[Requirement]
From the first line to the last, set down the material exactly and drop every picture.

[Information supplied]
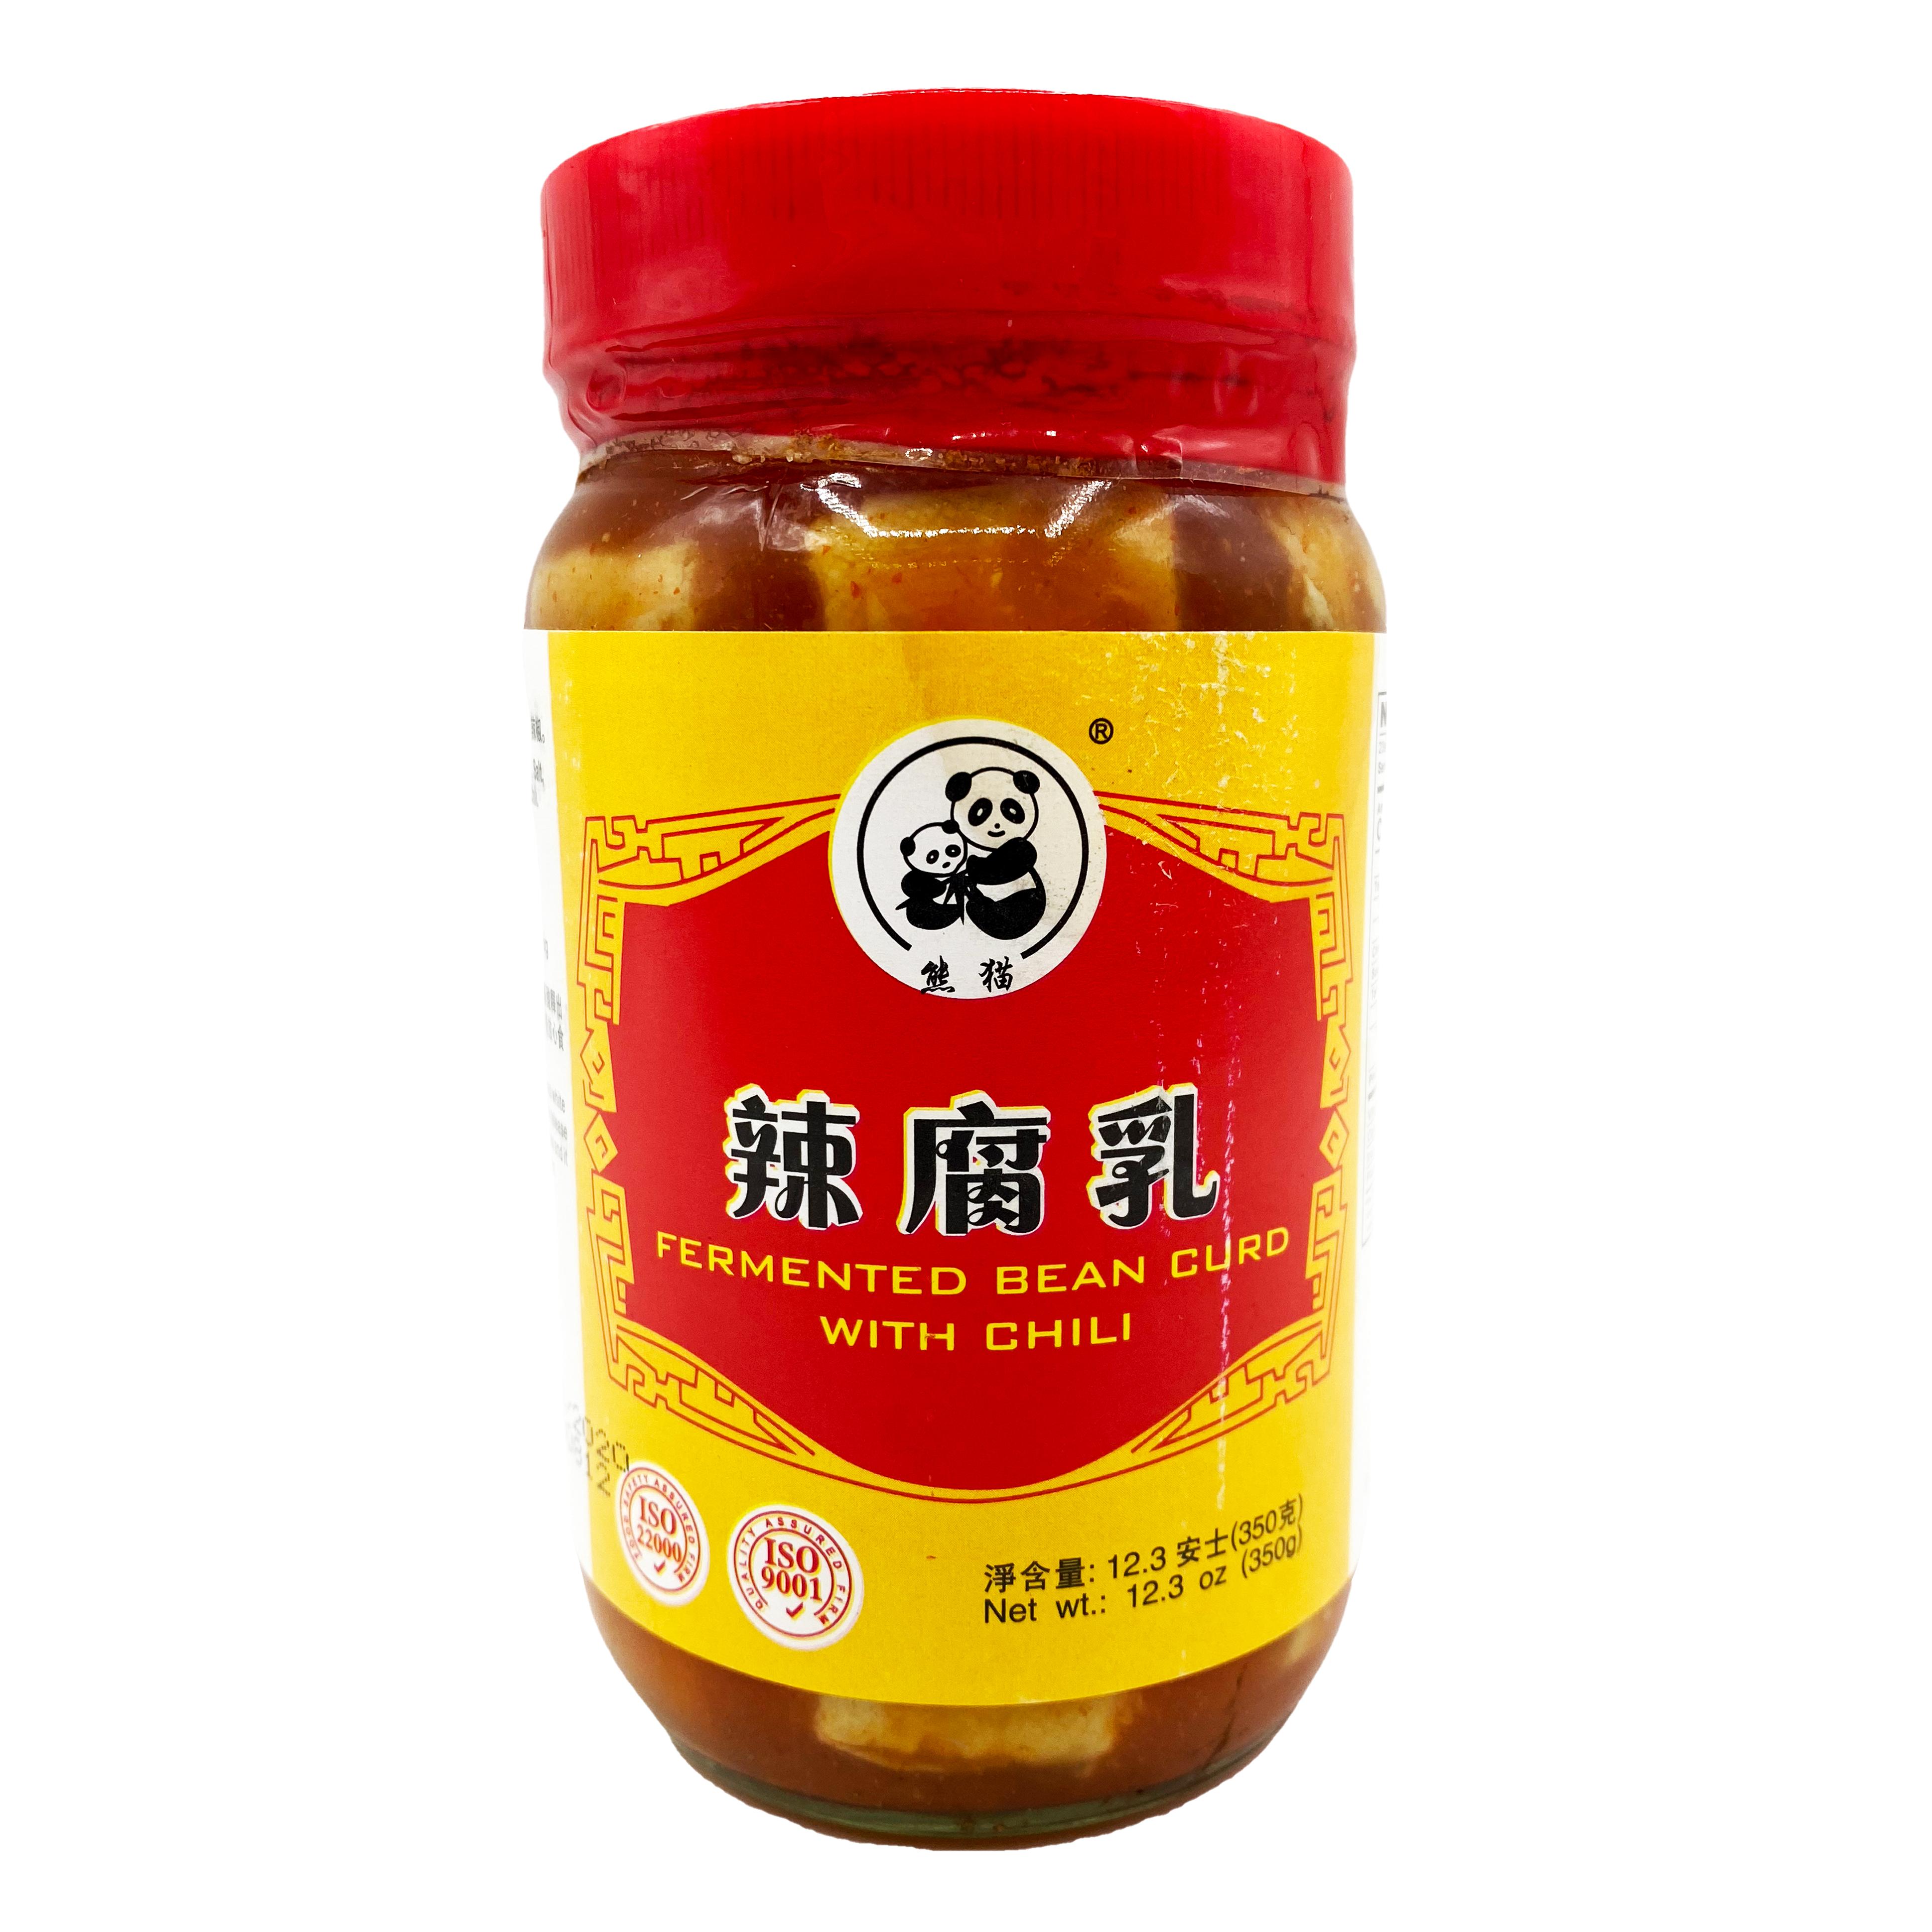 PANDA Fermented Bean Curd With Chilli 12.3 OZ
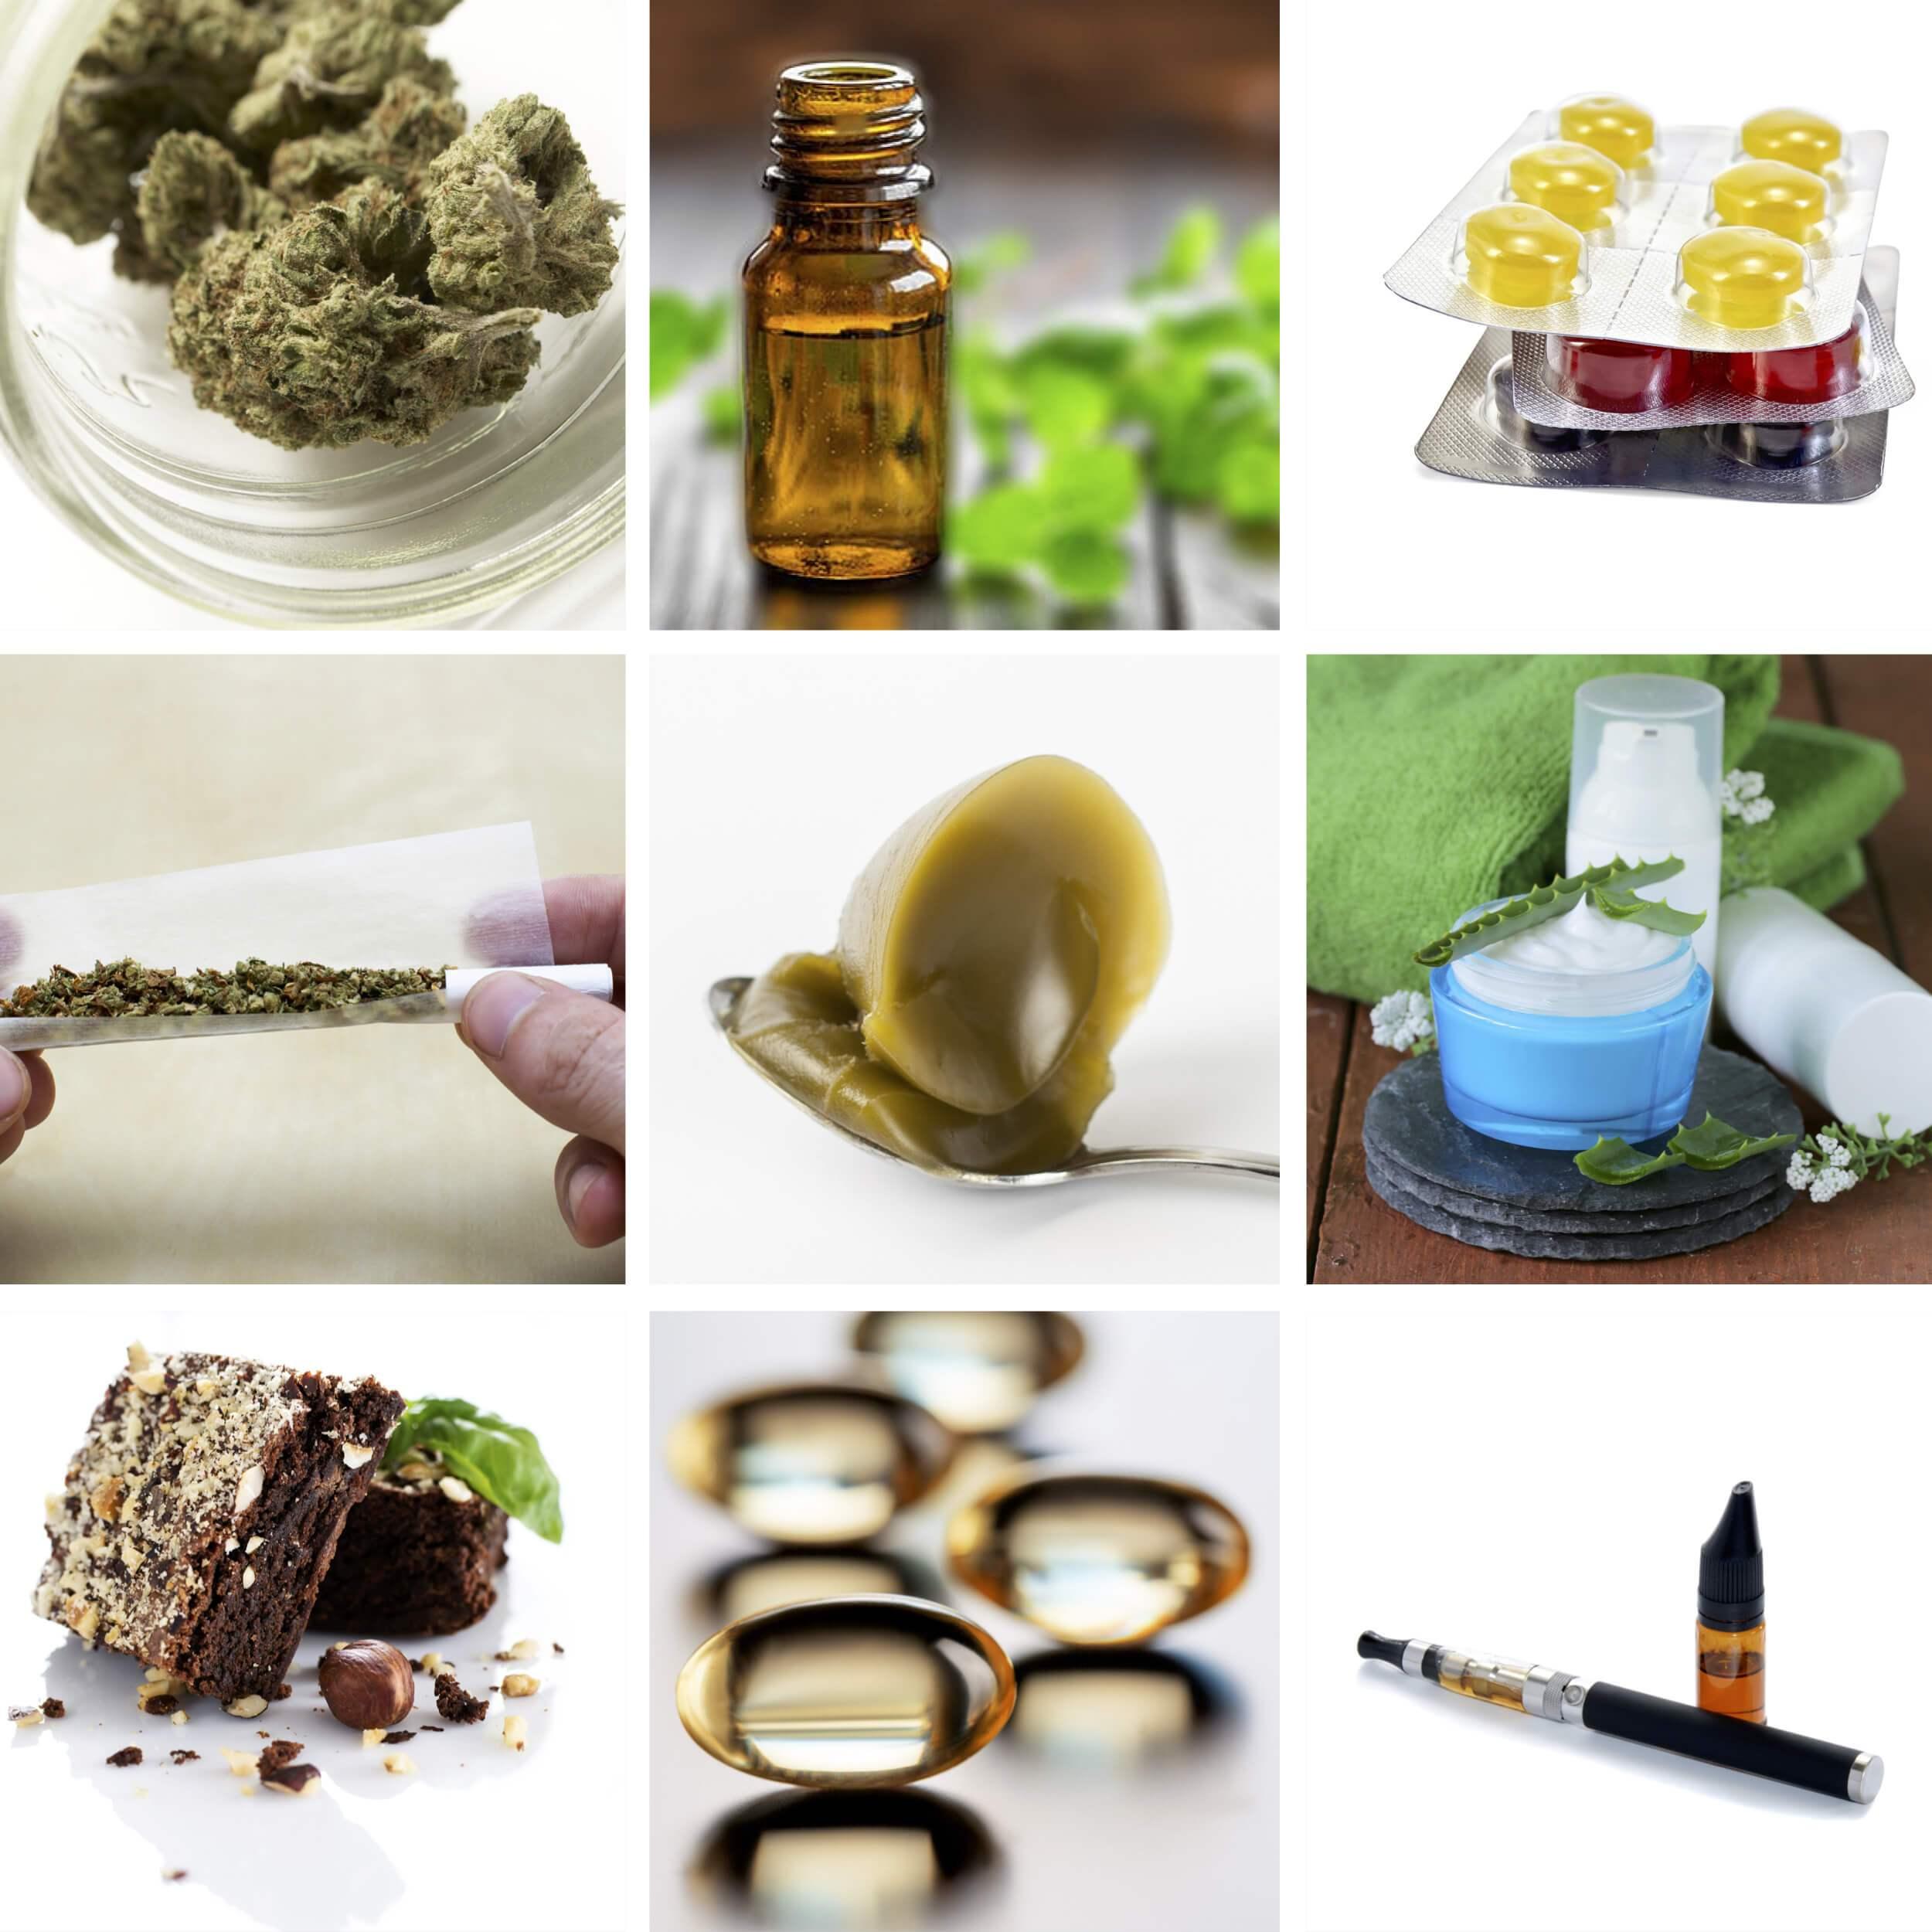 Top Ways to Consume Marijuana
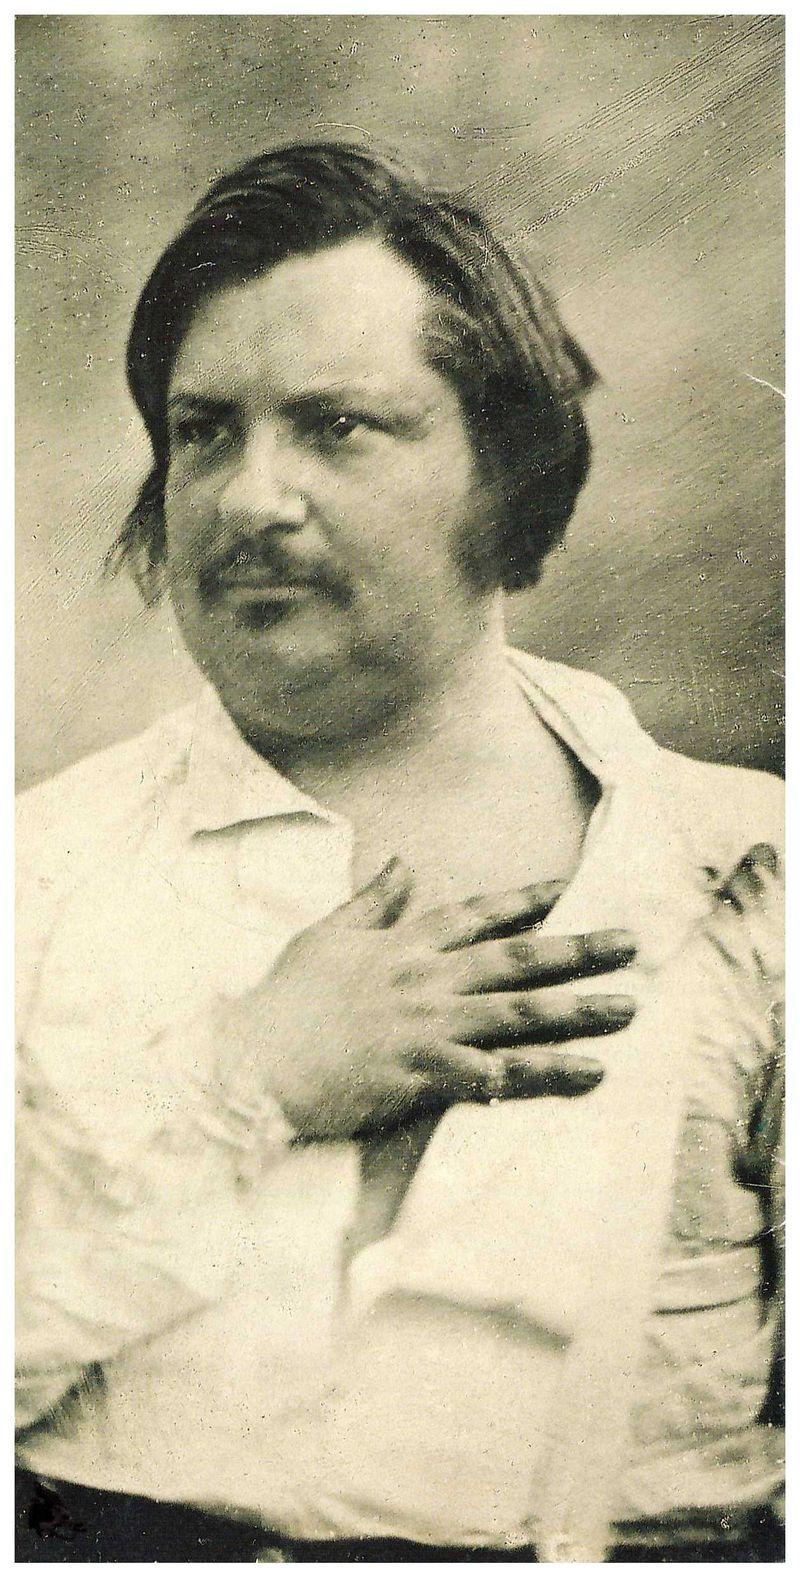 1. Balzac photo

[Reply]
 PANDA Fermented Bean Curd With Chilli 12.3 OZ
 Top Ways to Consume Marijuana
 1. Balzac photo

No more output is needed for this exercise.